Compass Point: When two procedures are related, you must determine whether the series of surgeries was planned or unplanned in order to select the proper codes and modifiers.
Surgeons perform transmetatarsal amputations (TMAs) to manage severe forefoot infections, tissue damage, or circulatory issues. While the goal is to preserve as much of the foot as possible to maintain ambulation, the complexity of these cases can lead to revisions or reamputations. Unfortunately, clinicians often misdocument or miscode these follow-up procedures, resulting in reimbursement issues and potential audits.
The Case File: When There is a Plan for Revisional Surgery
On June 26, a 72-year-old patient with type 2 diabetes mellitus and hypertension underwent a TMA of the left foot due to a chronic wound that progressed to osteomyelitis across multiple metatarsal heads. During the procedure, the surgeon did not close the surgical site due to concerns about the risk of continued infection. Instead, they packed the site open and planned to return to the operating room after the lab finalized the culture and bone biopsy results.
On July 3, the surgeon brought the patient back to surgery for additional removal of bone at the metatarsal bases and primary closure of the surgical site.
Case Challenge
What Current Procedural Terminology® (CPT) code(s) should the surgeon choose to properly represent each component of this case scenario? And what specific documentation elements should the surgeon include to support these choices?
Coding Lab Results
The medical record must clearly document that the surgeon established a “staged, related, preplanned scenario,” after the June 26 procedure, with an intended revisional surgery to be performed at the appropriate time.
This first procedure, a TMA, corresponds to CPT code 28805 (amputation, foot; transmetatarsal).1,2 The surgeon must also append an -LT modifier to this code to indicate the proper surgical side.
The second procedure, also a TMA, but more proximal, matched the definition of CPT code 28805. However, the surgeon would apply two modifiers in this instance. In addition to the -LT modifier, the surgeon would append modifier -58 to indicate that the revision was a staged, related, and preplanned procedure that the same surgeon performed during the postoperative period.1-3
If the revision involves only soft tissue debridement, secondary closure, the surgeon may instead assign codes such as 13160, which is a secondary closure of surgical wound or dehiscence, extensive or complicated, depending on the procedure’s details and complexity.3 In these cases, modifier -58 should still be appended to the correct code, and a new postoperative period begins with the second procedure.4
The Case File: When Revisions Are Unplanned
Consider an alternate scenario. On June 26, the same patient underwent a TMA of the left foot with primary closure, as the surgeon did not suspect any residual infection. In this scenario, however, the site deteriorated weeks after the patient left the hospital, presenting with redness, swelling, drainage, and pain at the incision. On July 3, the patient underwent a previously unplanned revisional surgery, which included the removal of bone across all five metatarsals more proximally due to an infection. In this second surgery, the surgeon kept the wound open.
Case Challenge
What Current Procedural Terminology® (CPT) code(s) should the surgeon choose to properly represent each component of this second case scenario? And what specific documentation elements should the surgeon include to support these choices?
Coding Lab Results
In the first procedure, CPT 28805 and the -LT modifier apply since the surgeon planned the revision scenario. However, what about the subsequent procedure in this updated scenario? At the time of the first procedure, the surgeon had not planned for a staged procedure. Therefore, the surgeon should not apply the -58 modifier to the second surgery.

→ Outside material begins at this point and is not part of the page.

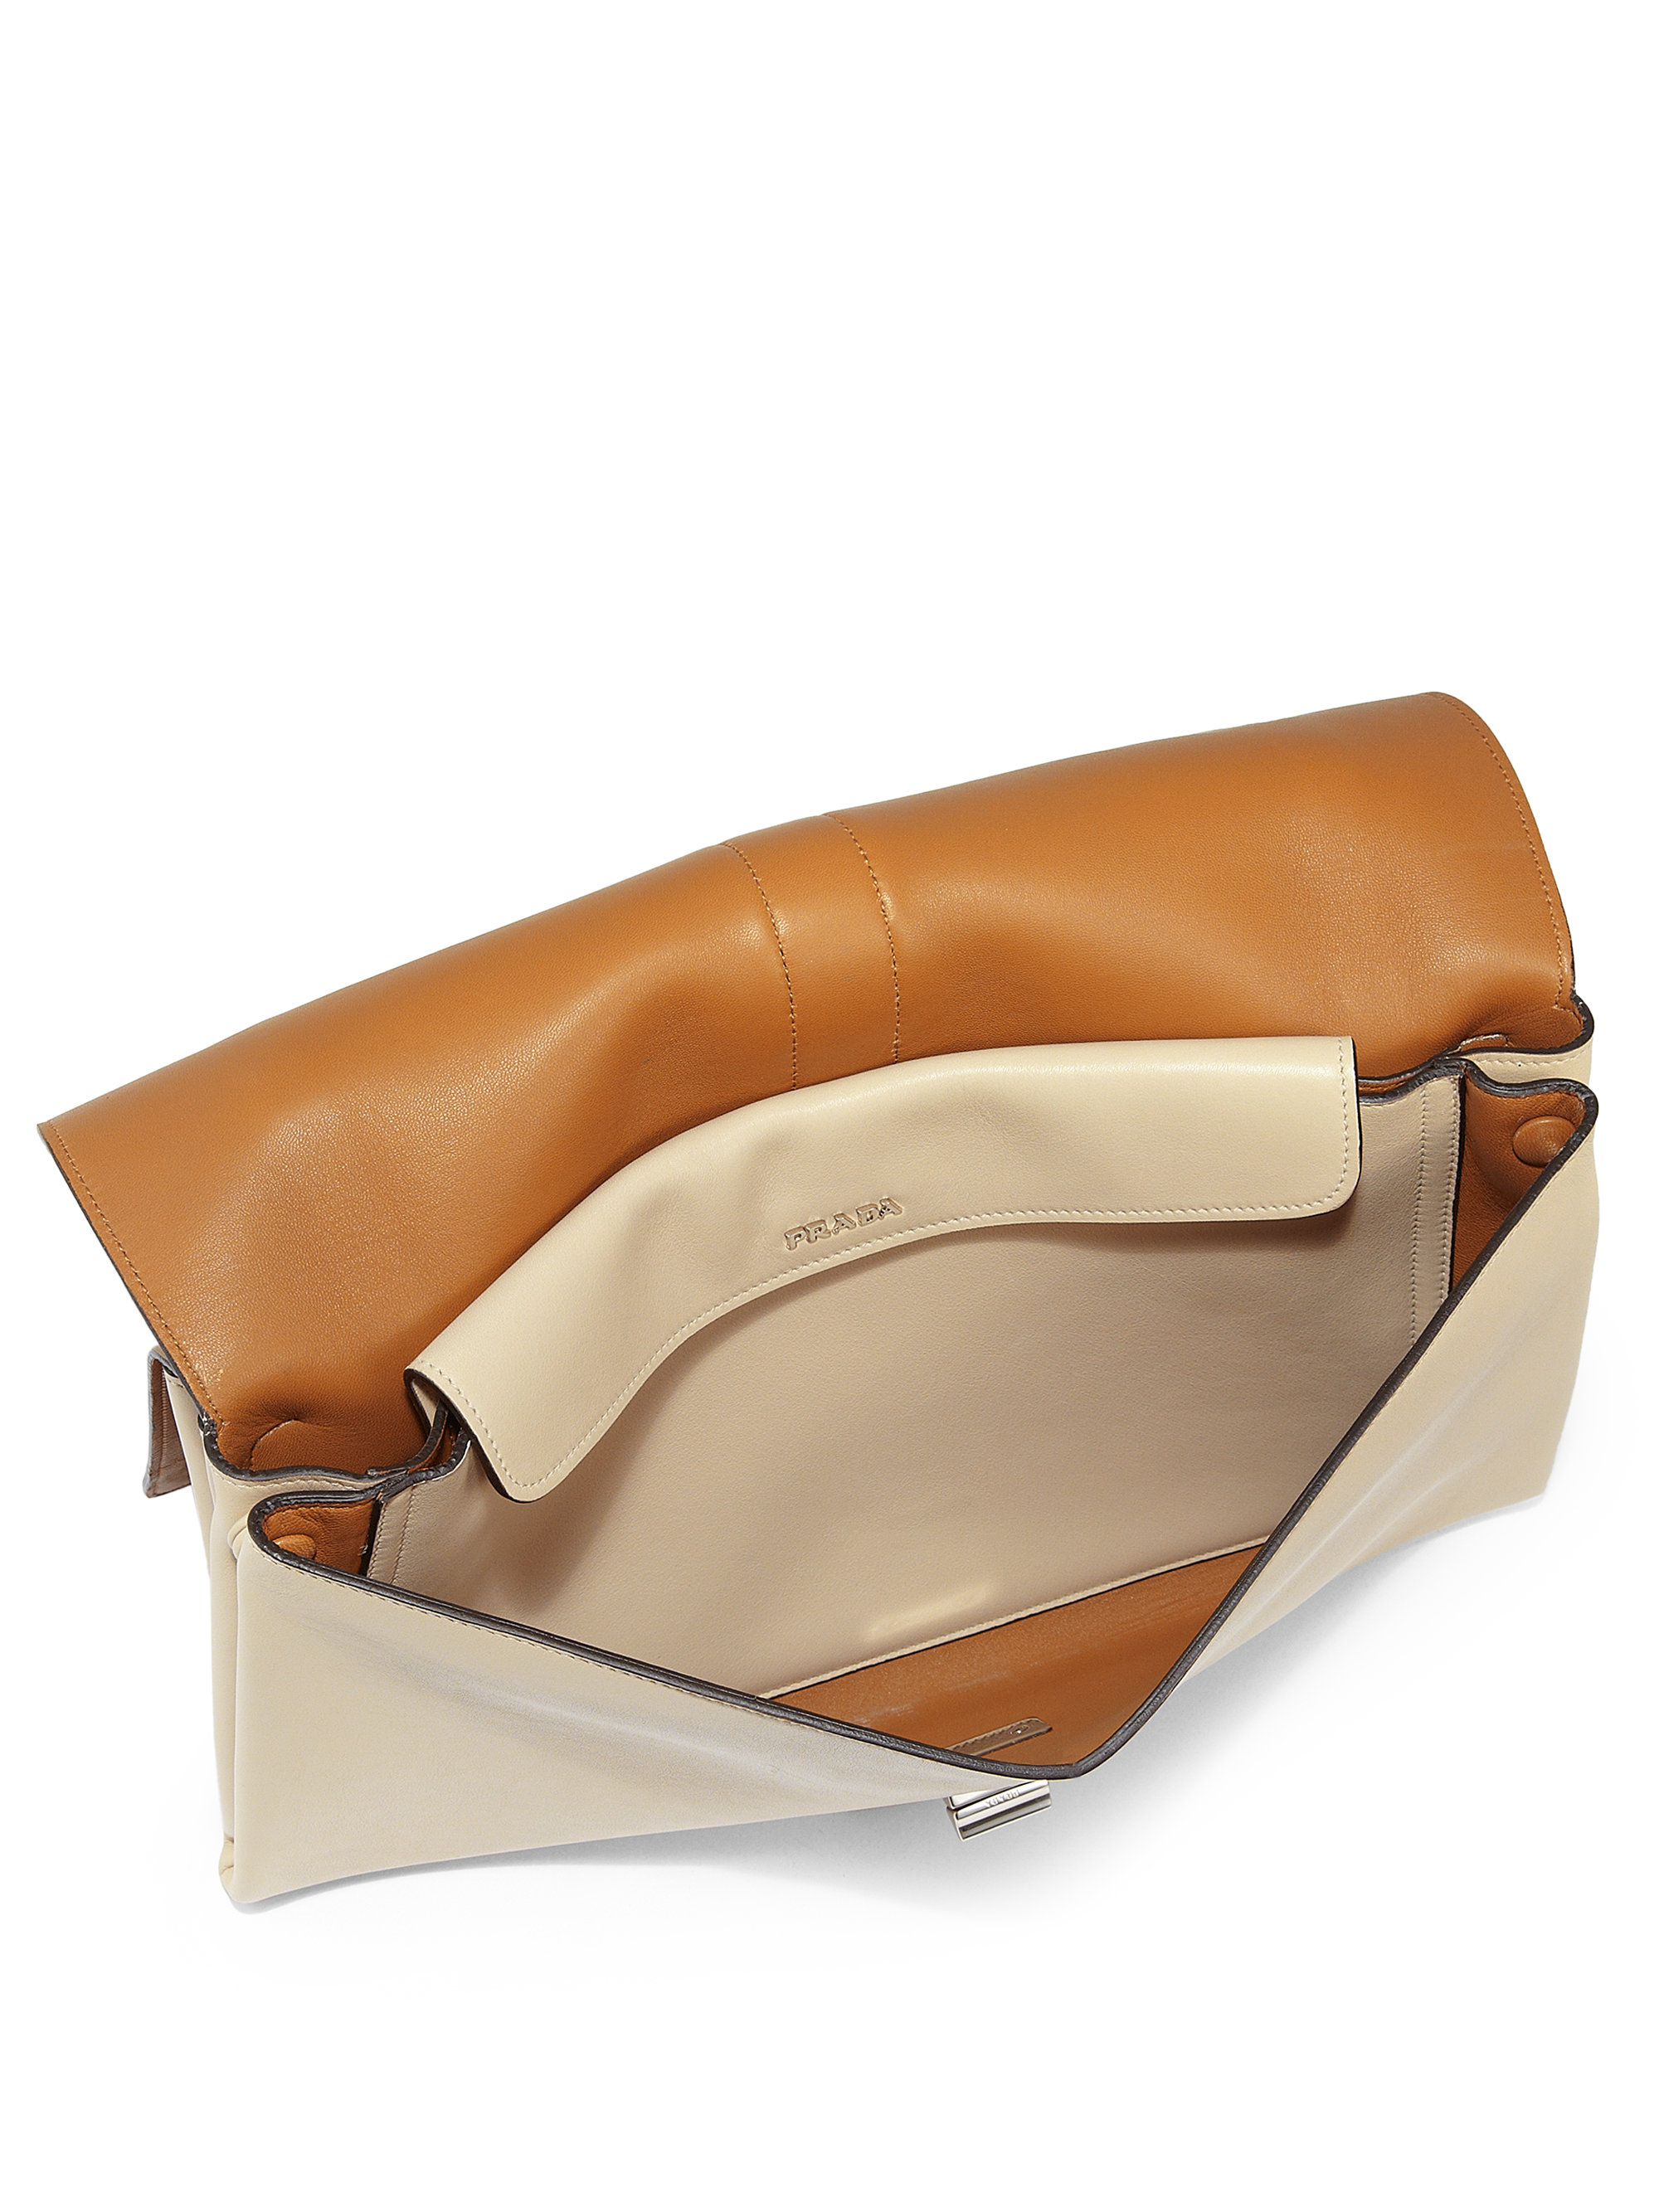 Prada Vitello Soft Double Shoulder Bag in Beige (CREAM-TAN) | Lyst

When a revision is unplanned and results from complications, such as infection or stump issues, the surgeon must carefully assess the timing and details of the procedure to determine the most appropriate code. The surgeon should not use modifier -76 since it indicates a repeat procedure or service, on the same day, by the same physician or other qualified healthcare professional (QHP).5 This modifier does not apply in this case since the revisional procedure did not occur on the same day. The surgeon should use modifier -78 since it indicates an unplanned return to the operating room by the same physician for a related procedure during the postoperative period.6
The surgeon performed a second surgery on the patient’s affected foot during the postoperative period, specifically at the site of the initial TMA due to an infection. The surgeon resected the remaining five metatarsal stumps more proximally and should code this case to include CPT 28805 as well as the -LT and -78 modifiers. The key is that the second procedure was unplanned, and this statement should be included in the documentation to support the chosen coding.
Final Lab Lessons
Thorough documentation is crucial for substantiating surgical coding. Clinicians must clearly distinguish each intervention, including any revisions, from routine postoperative care. The surgeon must record these details in the operating room notes. The report should document the rationale for the procedure, specifying whether it is primary or a revision, the exact location and extent of the amputation, and any pertinent details, such as whether it is a re-amputation or a secondary closure. The report should also include the anatomical site, laterality, and the level of amputation, along with detailed intraoperative findings to support both clinical and coding decisions.